Eric Goll, who I look to for mentoring on how to help my adult son build an “awesome, ordinary life”, put out a helpful video that is specifically about the R-word and his thoughts about dealing more broadly with people we haven’t been in contact with over a few years due to the pandemic. But it applies to ableist language in general.
Most of the time, I’m patient and informative when discussing disability with people who have less life experience (or with those who just have different experience). Until I’m not … – and on those days I’m at risk of appearing in someone’s video clip as a woman who has completely lost it. Some days the distance between those two reactions is pretty short. So I found Eric’s discussion of a 4 word short response to hurtful language to be a really helpful tool to add to my kit. And one that is more likely to lead to the result I wanted.

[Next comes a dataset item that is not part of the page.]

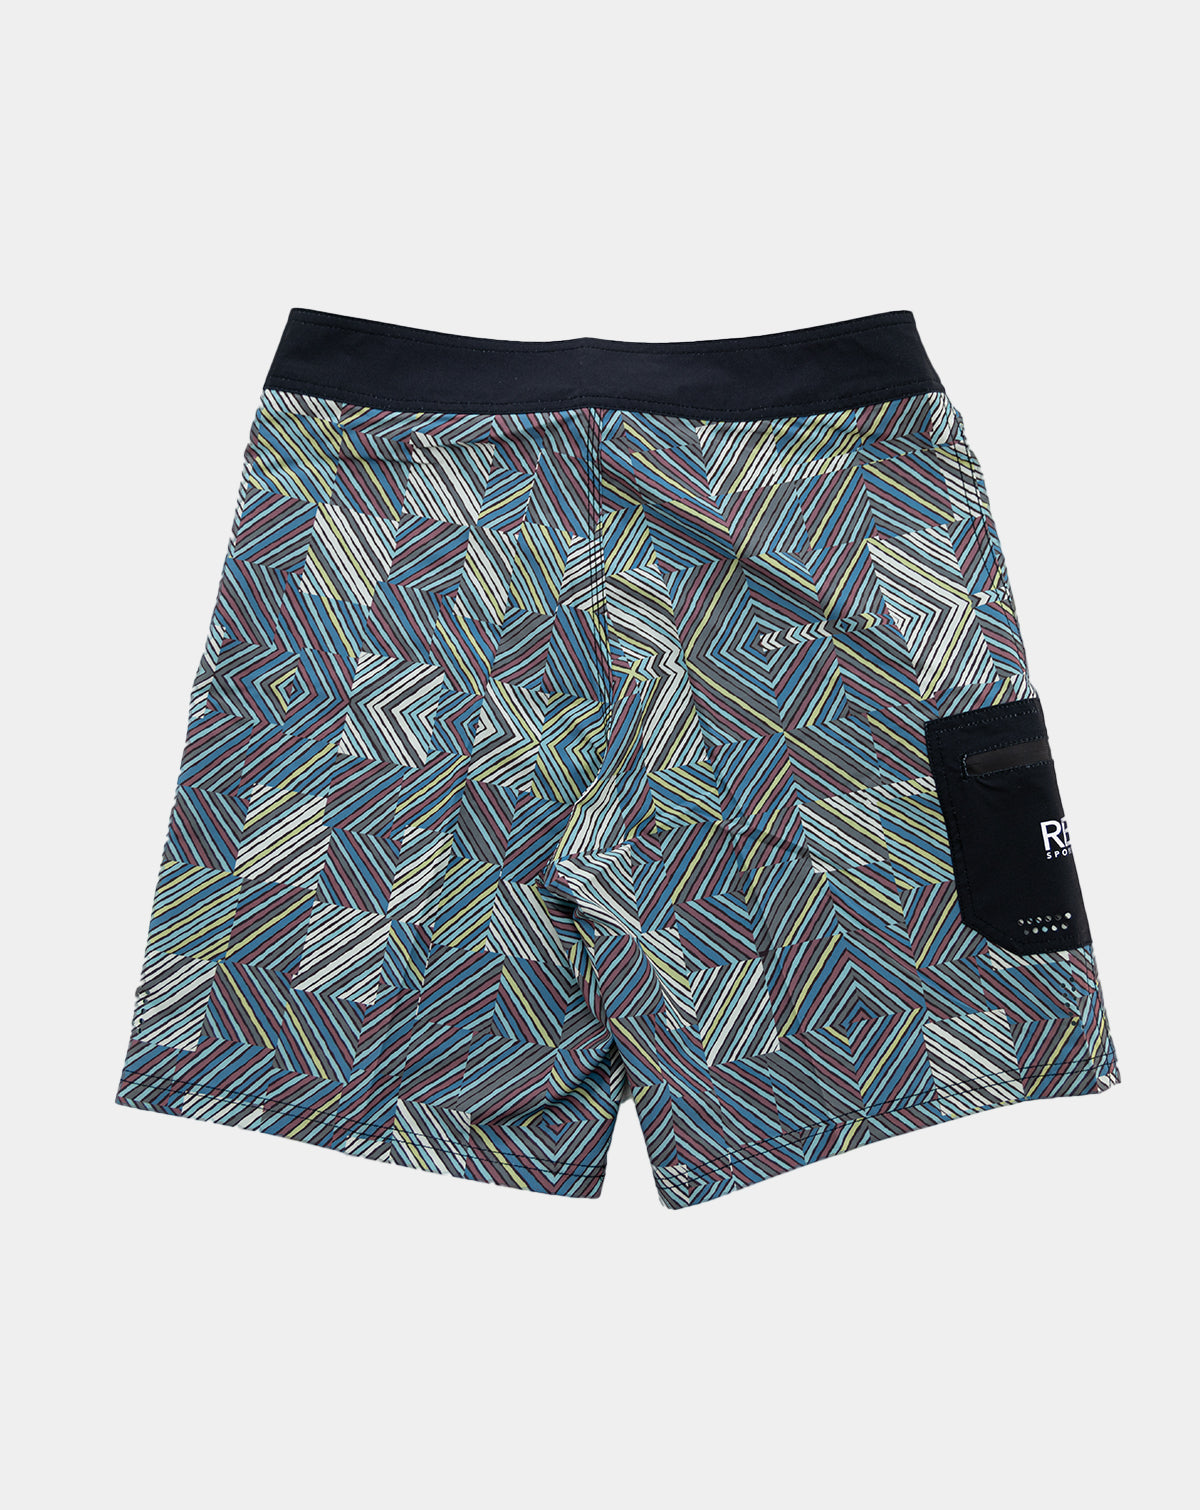 Multi-colored and black Lunkerbunker boardshorts for men with a stylish design, featuring UPF30+ 4-way stretch fabric, quick-dry technology, anti-microbial properties, fixed waist, double bonded butt seam for added strength, side zipper pocket, laser cut holes, 21&quot; outseam and side patch pockets for ultimate fishing performance.

It’s also true that there is a lot of language that you or I have grown up with, or hear regularly, or may even use ourselves that is ableist in ways we don’t think about because it doesn’t match our life experience. Or didn’t match our life experience …. yet.
Lʏᴅɪᴀ X. Z. Bʀᴏᴡɴ wrote an interesting essay about Linguistic Ableism Violence in Language: Circling Back to Linguistic Ableism which includes a glossary of ableist phrases. These articles are worth a careful read – not because you are going to agree with all of it, but because of the comprehensiveness of viewpoints will help you refine your own ideas, and perhaps give you some better ideas on what to substitute and how to talk to others.